--- Brief ---
Restate the listing below word for word, and leave its pictures behind.

--- Information supplied ---

════

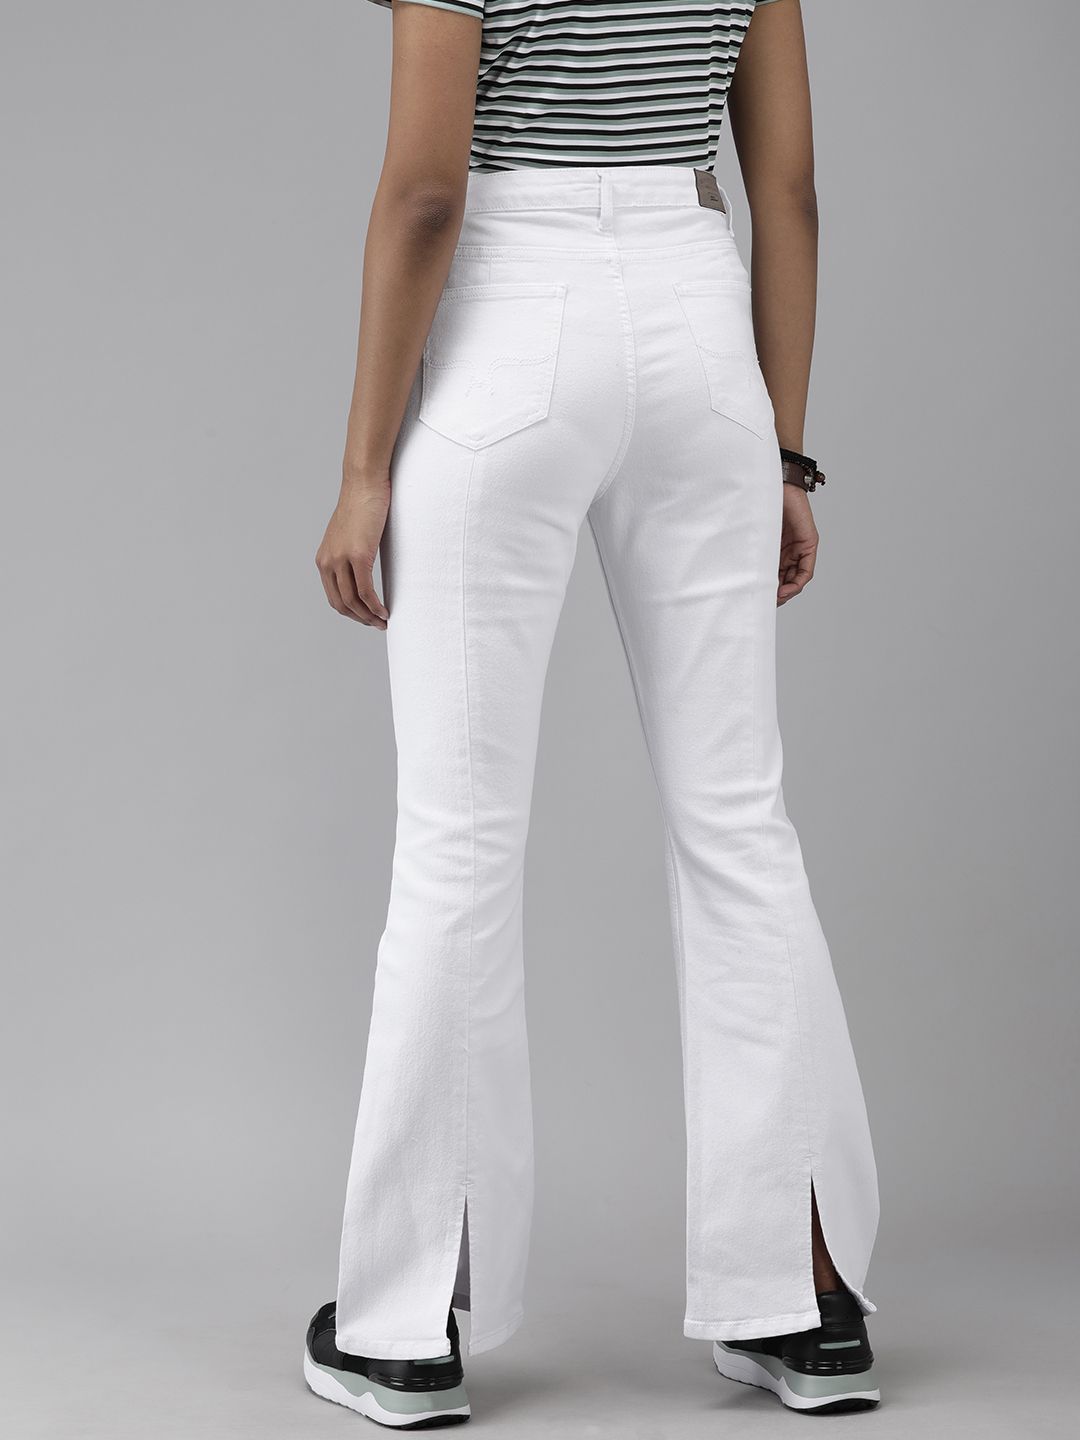 The Roadster Lifestyle Co Women White Bootcut High-Rise Stretchable Jeans Price in India
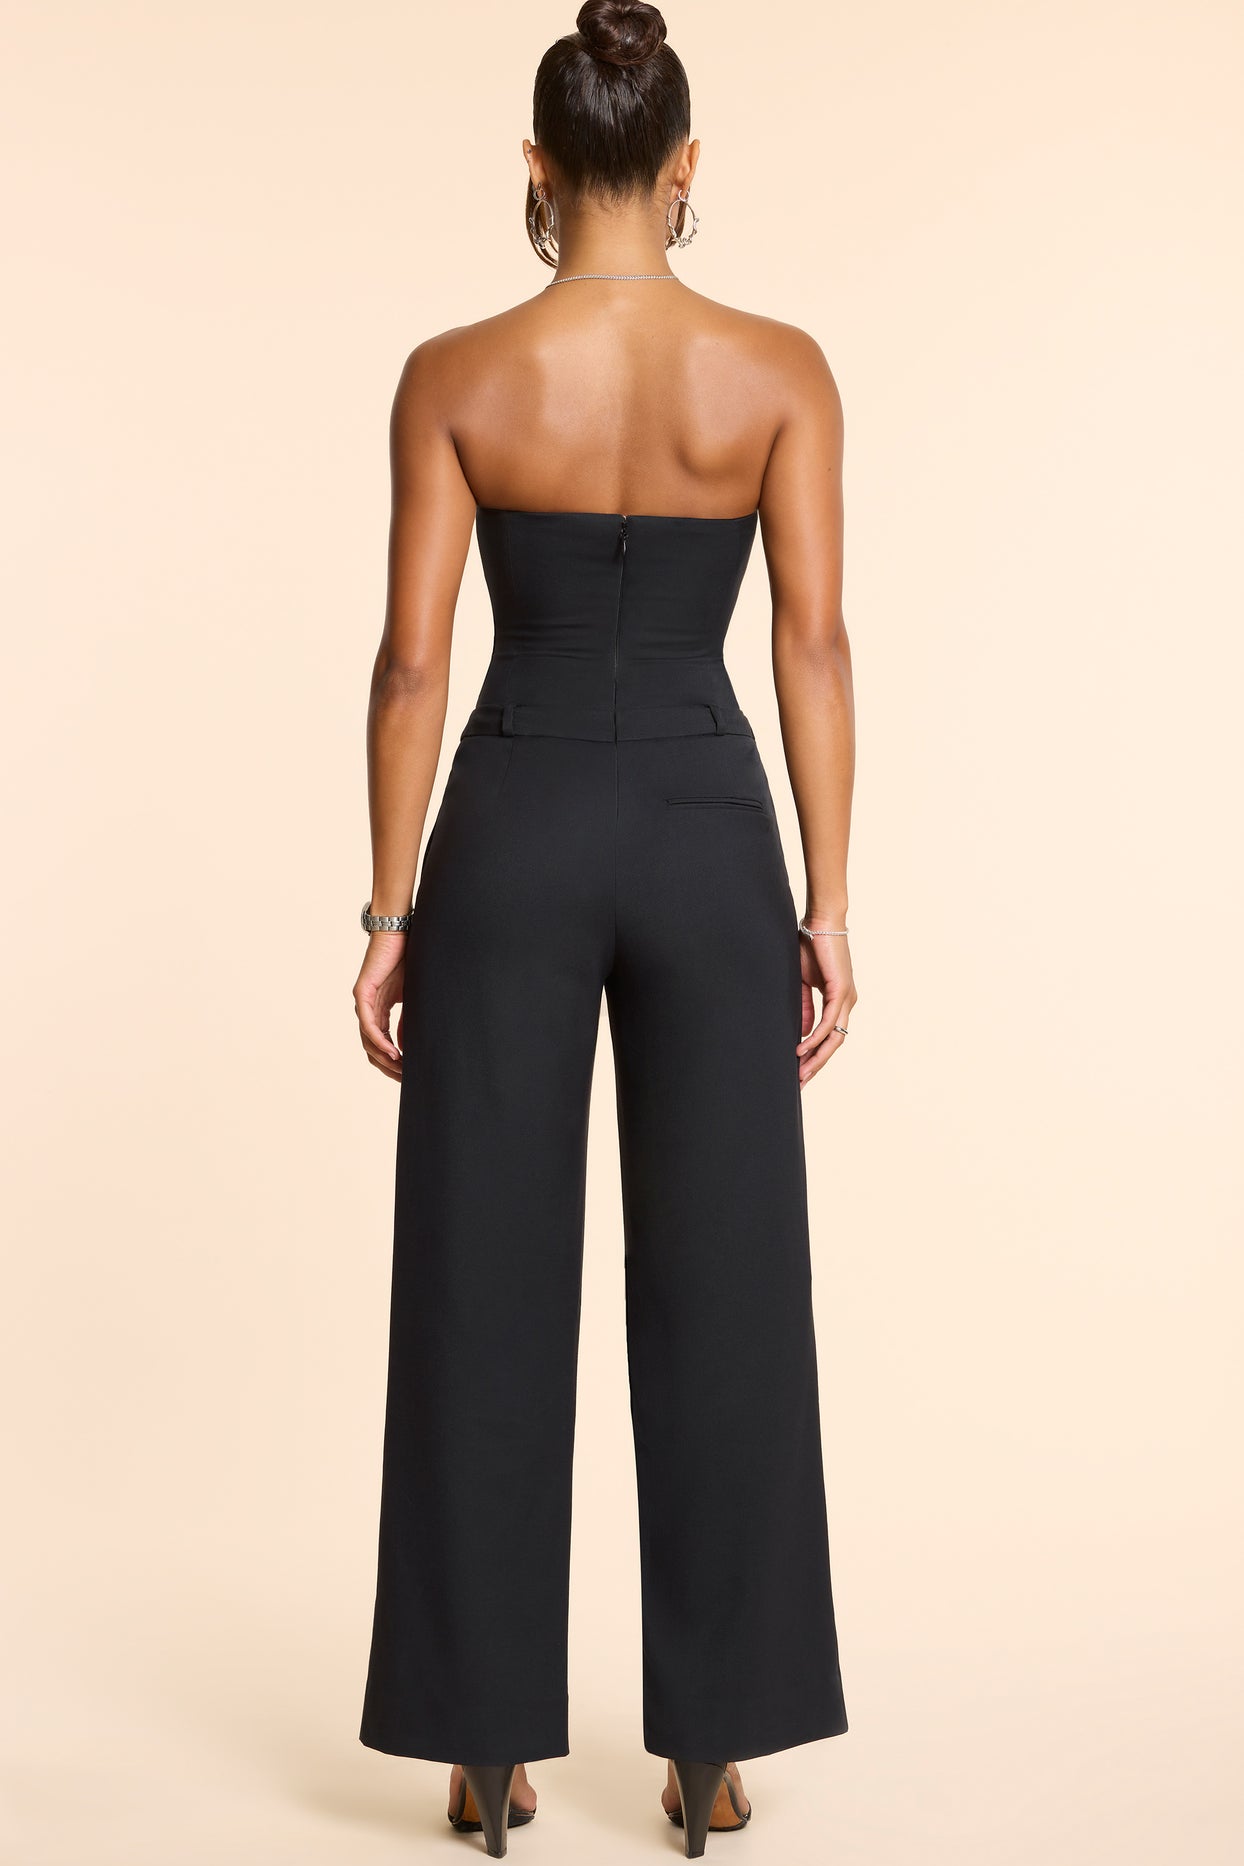 Goldie Petite Woven Wool Bandeau Corset Jumpsuit in Black | Oh Polly
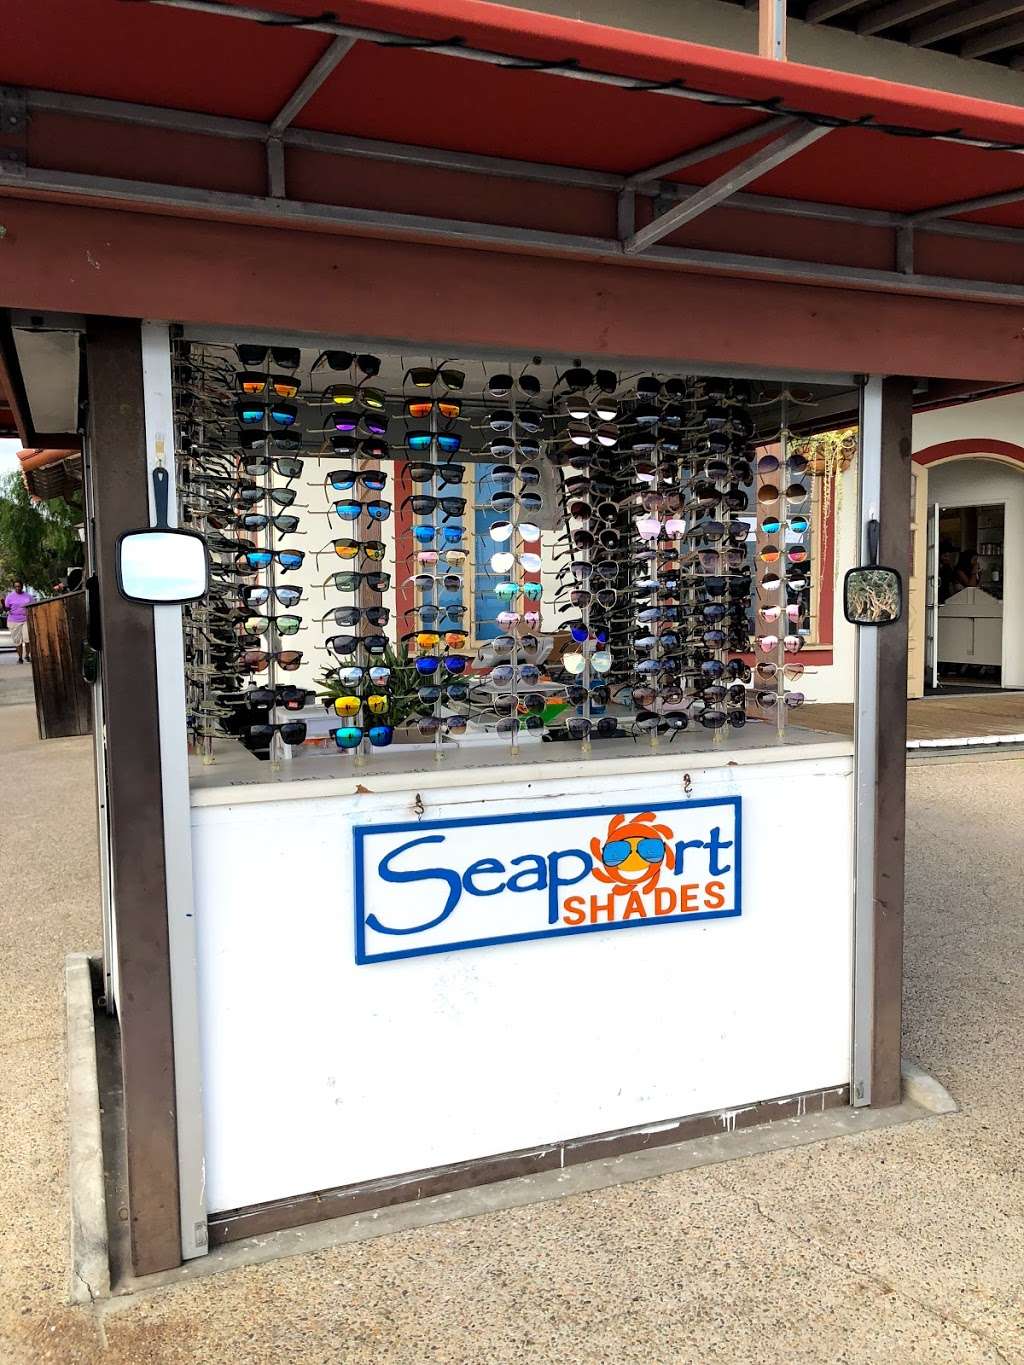 Seaport Shades - store  | Photo 2 of 4 | Address: 849 W Harbor Dr, San Diego, CA 92101, USA | Phone: (619) 248-1065

════

--- Response area ---
 The Roadster Lifestyle Co Women White Bootcut High-Rise Stretchable Jeans Price in India
 Goldie Petite Woven Wool Bandeau Corset Jumpsuit in Black | Oh Polly
 Seaport Shades - store  | Photo 2 of 4 | Address: 849 W Harbor Dr, San Diego, CA 92101, USA | Phone: (619) 248-1065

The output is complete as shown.